If the pandemic has taught us anything, it’s how adaptable human beings can be, she adds. But it hasn’t all been a smooth path into general practice. She came close to quitting GP training because of racist bullying and how she was treated after reporting it.

That fear of what will happen when you do speak out, is a huge problem and the NHS need to do better on providing safe forums for people to report racial and other abuse, Dr Oguanuo adds. “I’m not someone who can keep quiet so I spoke up,” she says.

Others who had moved from overseas had prepared her it might happen but it was a shock to be treated that way. “Racism itself is traumatising, and this trauma is dangerous to the mental well-being of the victims. Especially when the victims are healthcare professionals, who are expected to smile and treat their abusers and those like them with empathy and kindness that they did not experience”, she adds.

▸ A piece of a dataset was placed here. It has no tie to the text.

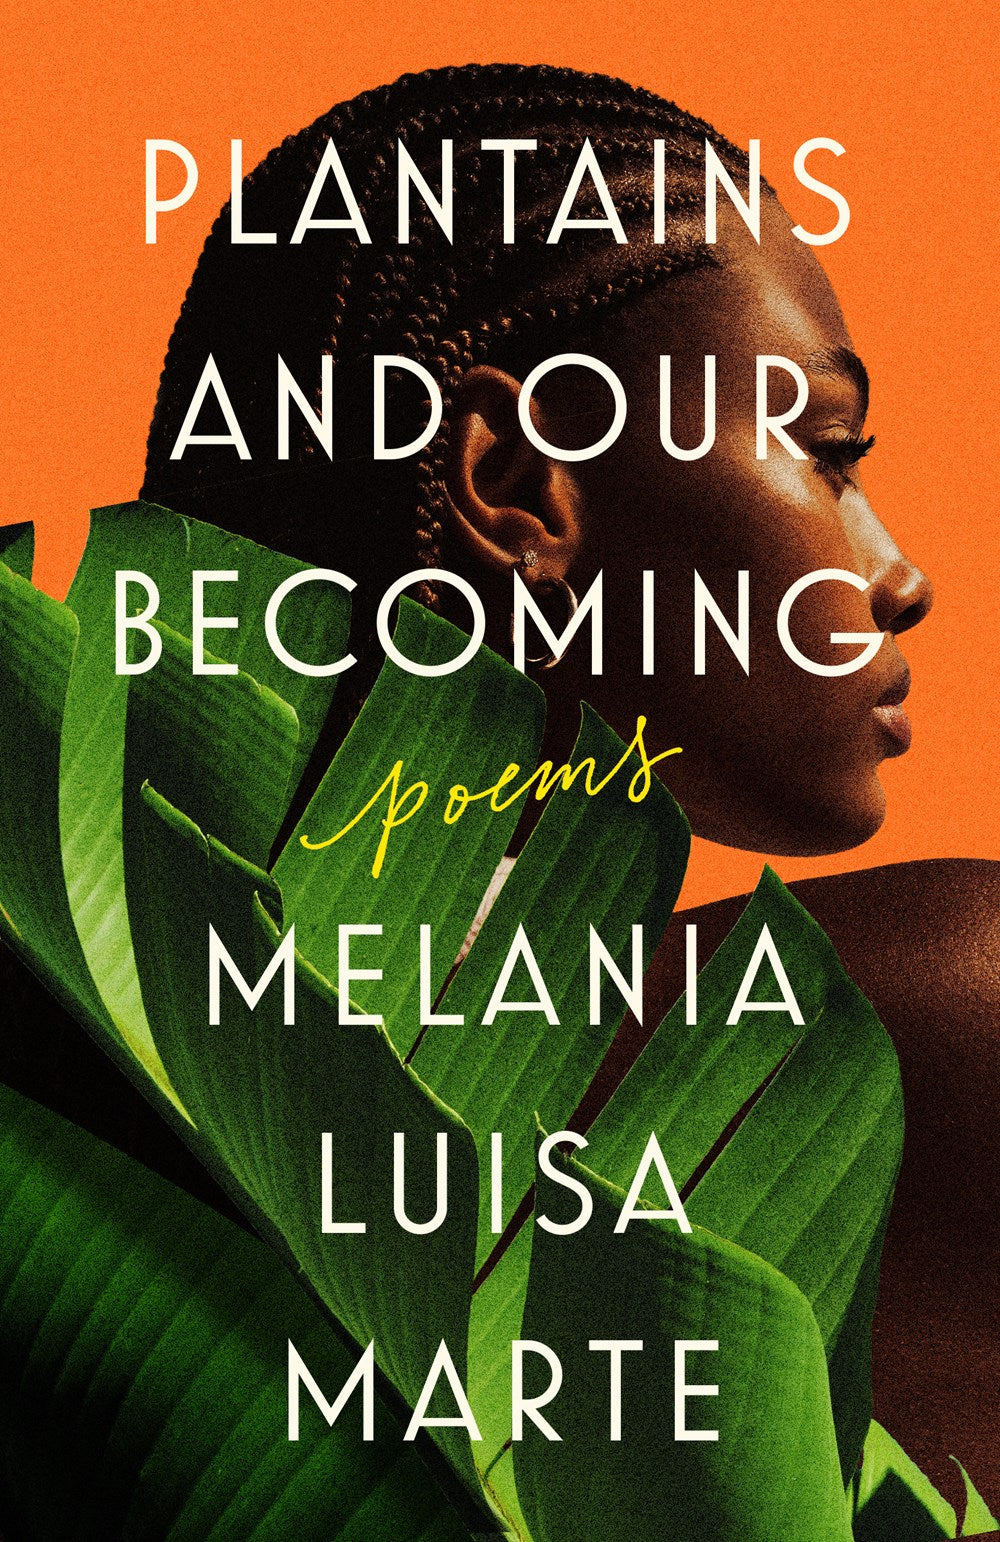 Poems　Becoming:　Kindred　Plantains　and　–　Our　Stories

A self-confessed workaholic, she has little free time. As a Christian she attends a local church and she also spends some time as a mentor through an organisation called Afromedics mentors, formed a few years ago by a friend. Their goal is to help young doctors (or aspiring doctors) in Nigeria to achieve and to learn from each other.

Her ultimate long-term goal is to take what she has learned to help improve primary health care in Nigeria. Some of that may include education and mentoring, perhaps digitally.

But what she most wants to be known for is kindness to those around her. “Kindness is underrated, the world would be a much better place if we were all kinder to each other.”